They both rely on the same syntax, and as such it's appropriate to introduce them through the same proposal IMO. But it means the discussion needs to avoid crossing the streams when using arguments for or against the two parts.

In the case of the sugar, it is all about the benefit the sugar brings, as everything you can write with it you can write today. You can argue that the sugar is entirely unmerited, or you can argue that the sugar doesn't go far enough and other things should also benefit from that sugar. It comes down to judgement calls, feelings about aesthetics and how common particular use cases are. In your example, you are outlining a big leap from one form to another, and (I think) using that to say that Collection<Int> shouldn't be so well sugared, and should instead be Collection<.Element == Int> because then it's less of a leap to Collection<.Element == Int, Index: Hashable>. Is that the gist of it?

When talking about generic result types, we have a very different discussion because we are now talking not just about sugar, but about increasing expressivity of opaque result types – allowing you to return opaque types you cannot return today.

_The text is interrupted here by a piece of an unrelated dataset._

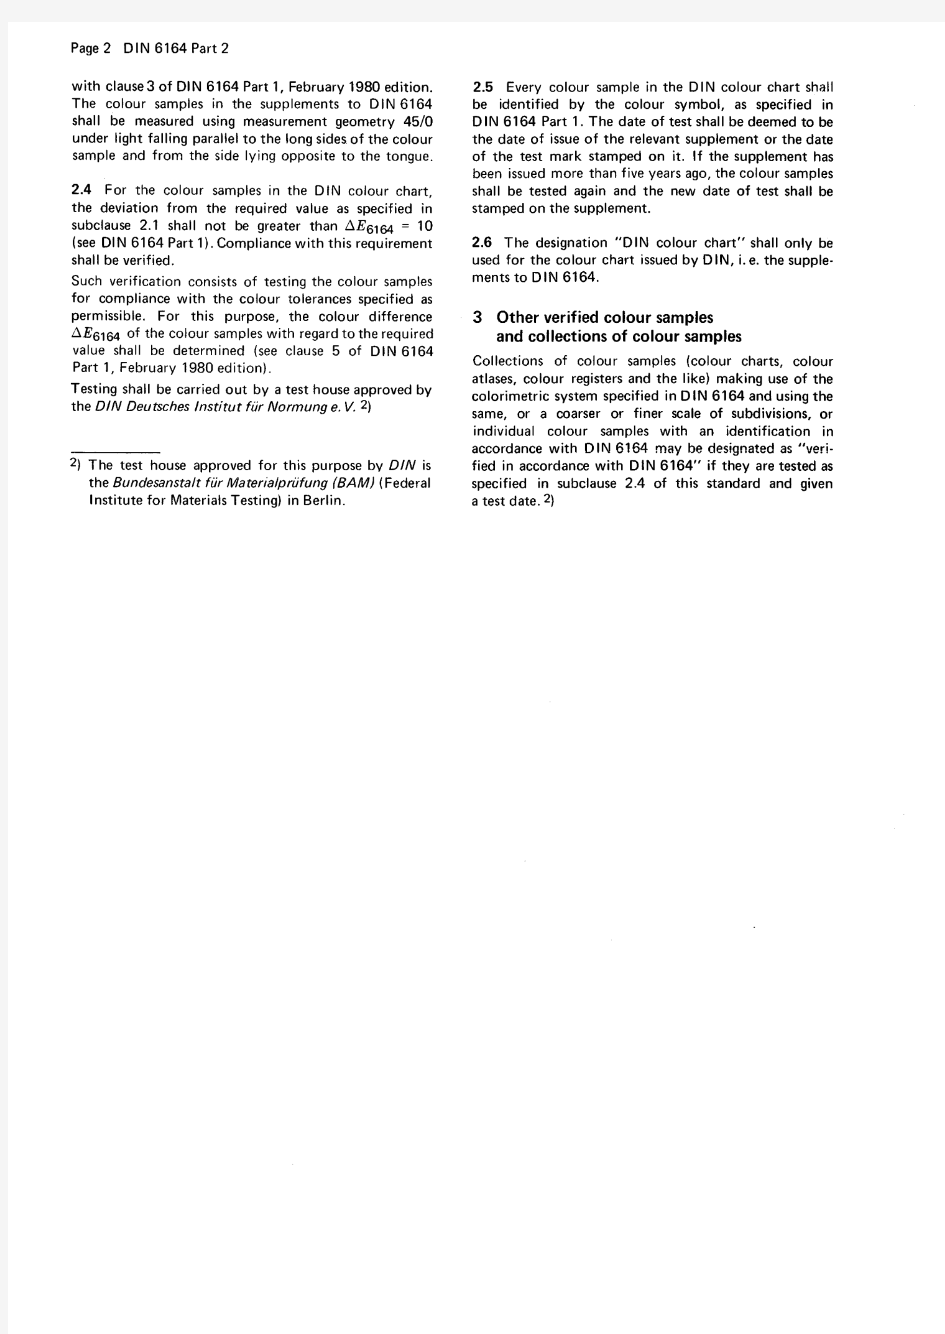 DIN 6164-2-1980 西德工业标准比色图表、颜色样品的规定

So it is not just about the aesthetics and ergonomics of the sugar.

It is in this context that I am laying out my claim: opaque result types with arbitrary constraints are probably so marginally useful that it is a very low priority to add them to the language. By contrast, being able to return an opaque type constrained by a primary associated type such as Collection<Element> is a clear and immediate need for anyone producing source- or ABI-stable SDKs or packages (or even private frameworks inside an app, when many developers are working on its codebase), so should be assigned a high priority to unblock those developers.

As @jayton says above:

(I would be very interested in knowing if it is most or if it is actually all... the introduction of compelling use cases might shift my view of the priorities)

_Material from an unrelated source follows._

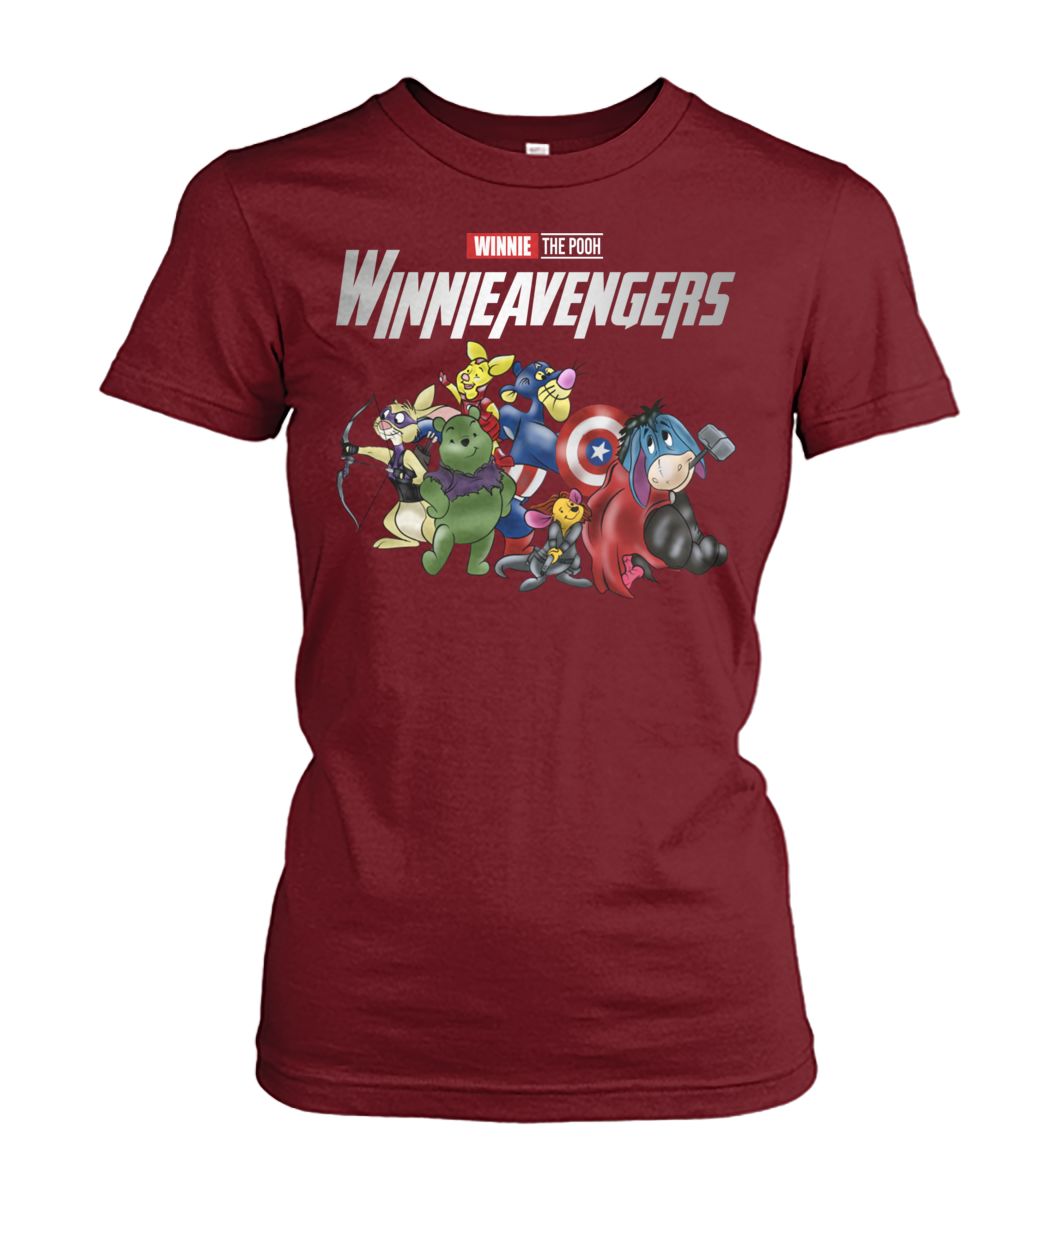 Marvel avengers endgame winnieavengers winnie the pooh women's crew tee

This does not rule out the addition of arbitrary constraints in the future. But the syntax for them is going to be tricky (both the leading dot and the named placeholder syntax have signficant downsides), and I don't believe working on this should block delivering the feature that does have a clear need for many developers.

Chris_Lattner3 · February 20, 2022, 5:42pm

I'm sorry but I don't follow swift evolution and haven't been a part of the core team since middle of last year. I don't have enough context to have an informed opinion here.

-Chris

Karl · February 20, 2022, 5:57pm

I would refer Chris' comment, as quoted by @DevAndArtist, about building a language with bricks vs mortar, which I think is a good analogy.

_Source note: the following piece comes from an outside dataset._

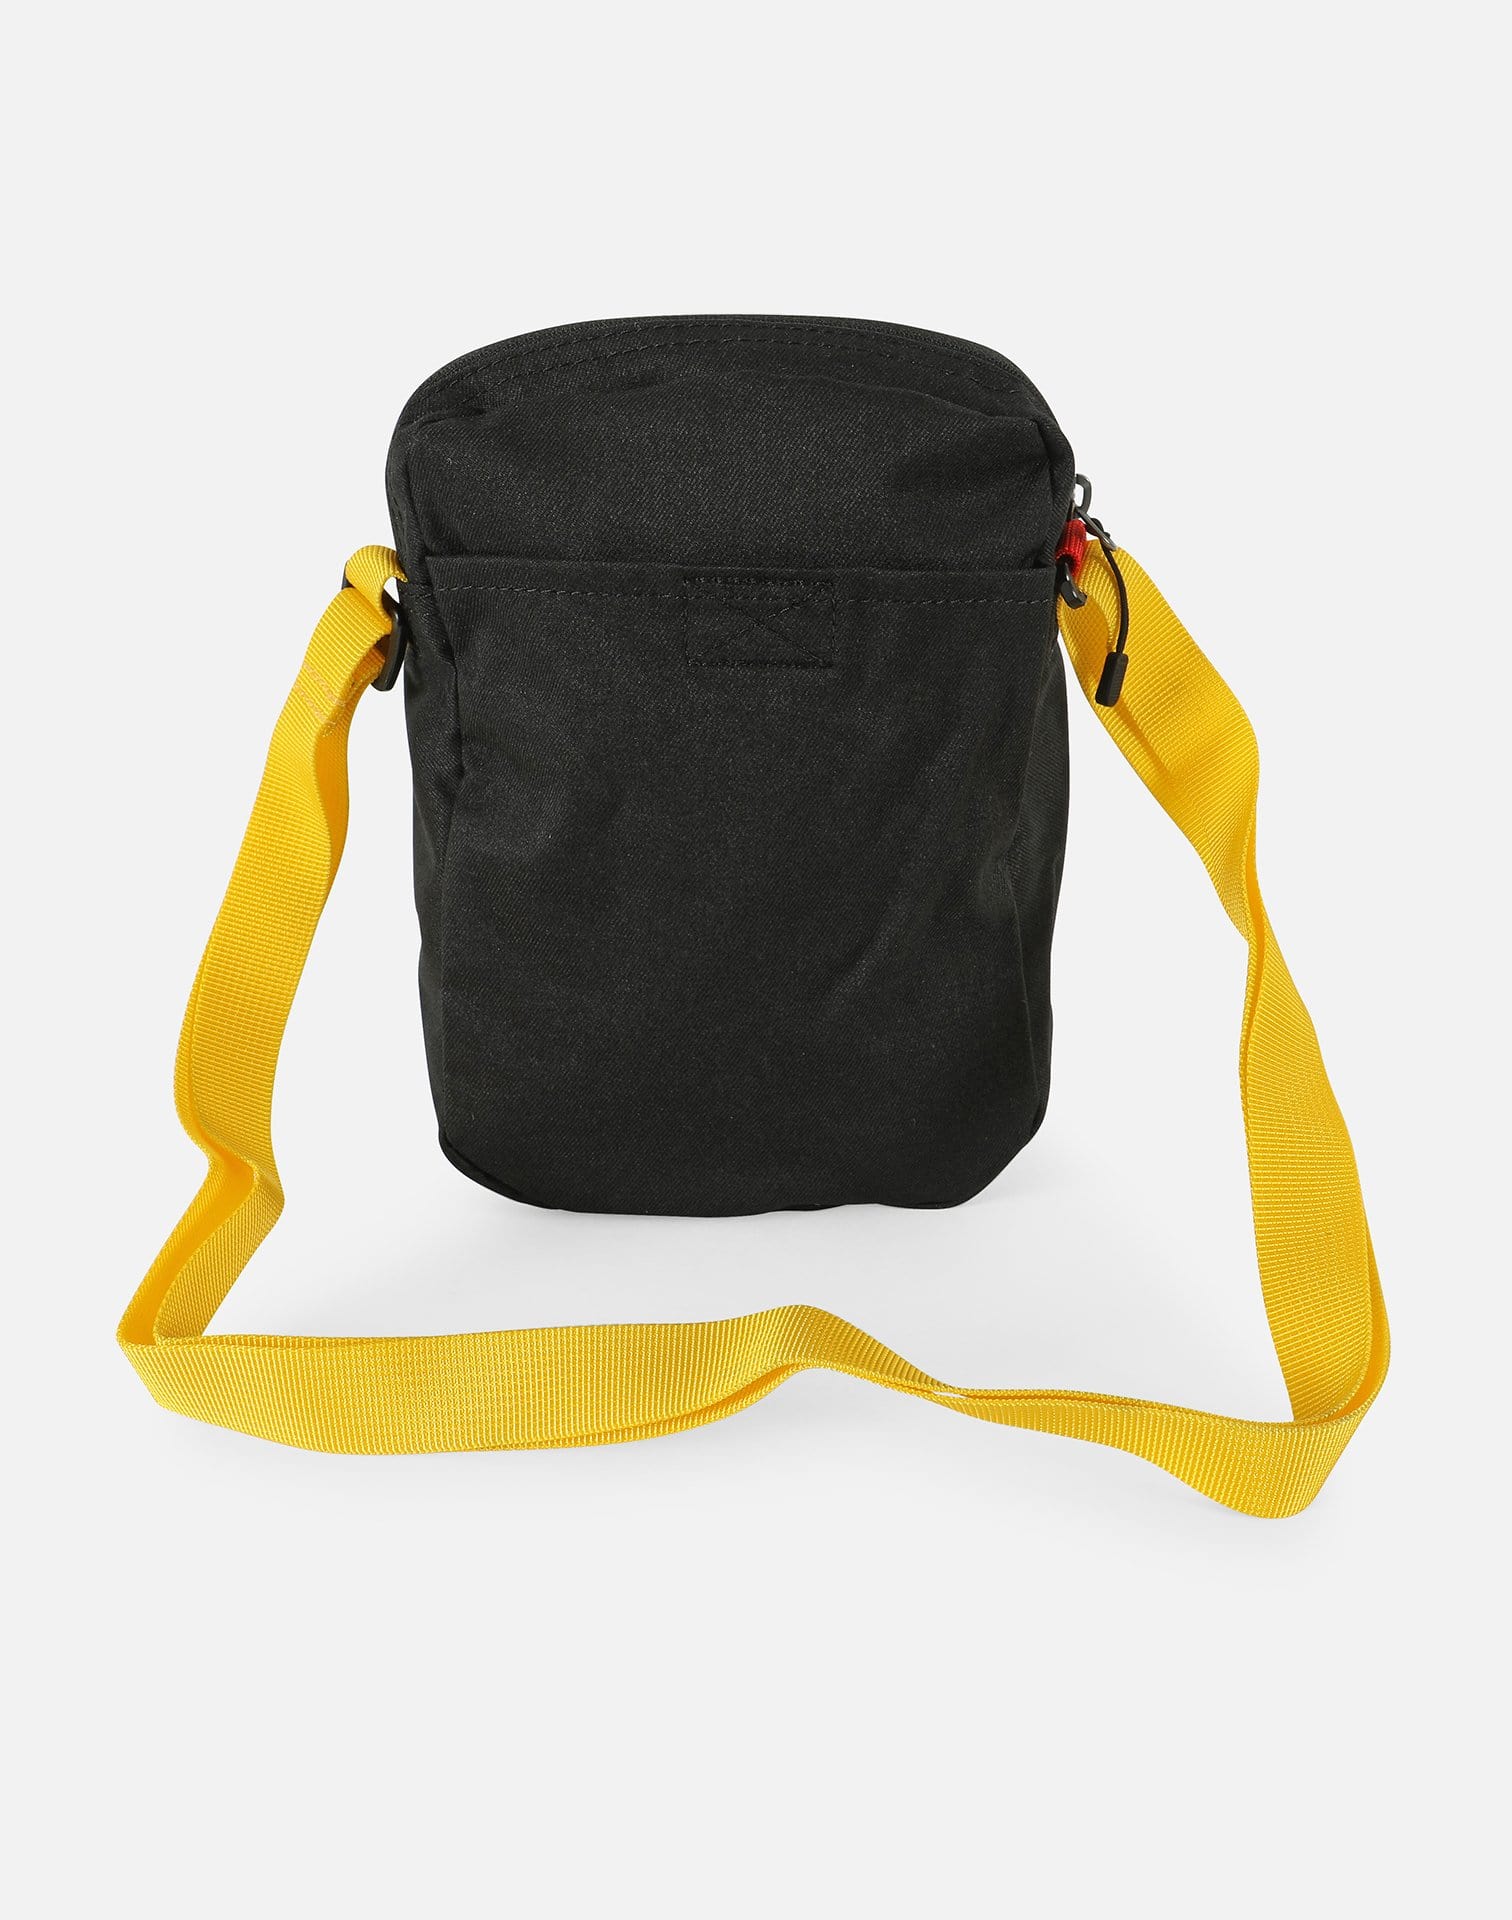 Nike Core Small Items 3.0 Bag

Expressing it in terms of "doesn't go far enough" or "not common enough" does not fully capture the argument. It's about the principle of building a language from a collection of ad-hoc special cases, and whether or not that actually achieves the stated goal of being easier to learn (I think @rauhul's comment is illustrative):

No. The argument I've made against Collection<Int> and in favour of Collection<.Element == Int> is not just that the former fails to scale to other associated types, but also that it fails to scale to most other protocols.

The post from earlier contains a couple of examples to illustrate it. After the arguments have been laid out in such detail, I can only suggest that you read them. There is no "gist".

Okay, well I disagree. The examples have been laid out multiple times, by multiple contributors:

I don't believe we should allow n 'primary' associated types but not arbitrary constraints. They are almost identical, but with one slight difference: the former requires enormous source churn for library authors, who must now predict when this syntax should be allowed to work, all for the sake of a syntax which is so terse that it quickly becomes non-intelligible. The latter is more compatible, more flexible, and clearer at the point of the use.

Ben_Cohen · February 20, 2022, 6:21pm

See above – this example (as well as others like a DictionaryProtocol for dictionary types) was addressed in the proposal as examples of protocols specifying multiple primary associated types. This was a great example of feedback on the pitch giving a clear and important use case the proposal didn't cater to. The solution of allowing multiple primary associated types fits very neatly into the proposal, which was amended to cover this case.

The dividing line here is between associated types that are about the essence of the protocol (the "primary" associated types... perhaps we can find a better name, though that name doesn't actually appear in the language in the current proposal so does not need to be set in stone), versus associated types that are just part of the implementation mechanics of a protocol.

The primary types are the "essential" types. Element in the case of Collection, the Value and Error types in the case of Publisher, the Key and Value types for DictionaryProtocol, the Scalar value for SIMD. One way to spot these is that they almost always match the generic placeholders for the concrete implementations. So Array<Element>: Collection, Dictionary<Key,Value>: DictionaryProtocol, SIMD3<Scalar>: SIMD.

Then there are "supporting" associated types. Types that need to vary by implementation, and need to be used in the implementation of methods. Collection.Index is the most commonly encountered one. SIMD.MaskStorage would be another. There must be an associated type to link together the type used by startIndex, endIndex, subscript and so on. But for most use cases, it can remain opaque.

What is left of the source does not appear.